Third, inter ocular pressure and fuzzy logic are applied. Increased IOP may damage the optic nerve and be responsible for visual loss. By using a set of fuzzy “IF-THEN” rules, a decision can be make as to whether a patient has glaucoma or not. For example,28,29,31

1.IF both the IOP and the Abnormal visual field test scores are “High,” THEN the Risk is “High”;

2.IF IOP is “High,” and the Abnormal visual field test scores are low, THEN the Risk is “Moderate”;

3.IF Family history is “Bad,” Age is “Old,” and the Abnormal visual field test scores are “High,” THEN the Risk is “High”;

4.IF Family history is “Bad,” Diabetes is “High,” and Abnormal visual field test scores are “High,” THEN the Risk is “High.”

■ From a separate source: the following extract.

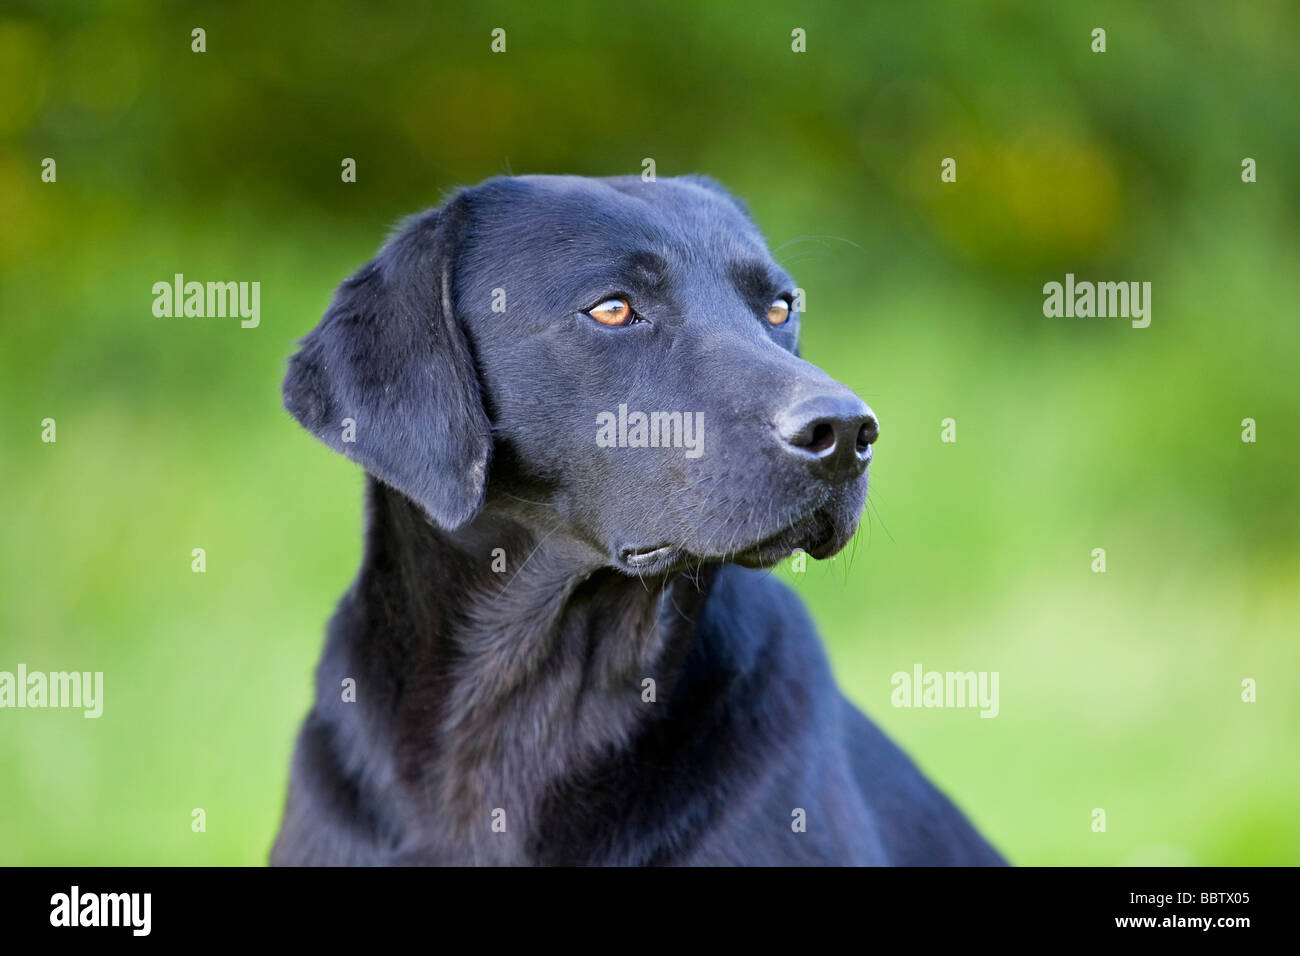 black labrador retriever working dog Stock Photo

This system is cost effective and appropriate for detecting early-stage glaucoma.

3.4.3.2. Computational system using different classifiers

The computational system for diagnosing glaucoma performs as it does when diagnosing diabetic retinopathy and cataracts. Figure 3.11 reiterates these steps.

3.4.4.Computational Decision Support System: Blepharitis, Rosacea, Sjögren, and Dry Eyes

Blepharitis is an eye disease similar to dry eye that is caused by inflammation in the eyelid margins. The inflammation causes eye redness, itching, and irritation. Dry eye is caused by decreased tear production or increased tear film evaporation.32,33 The symptoms, itchy, tired, painful, and red eyes, are similar to those caused by blepharitis. However, treatment for dry eye and blepharitis may differ. Thus, it is important for clinicians to differentiate between the diseases.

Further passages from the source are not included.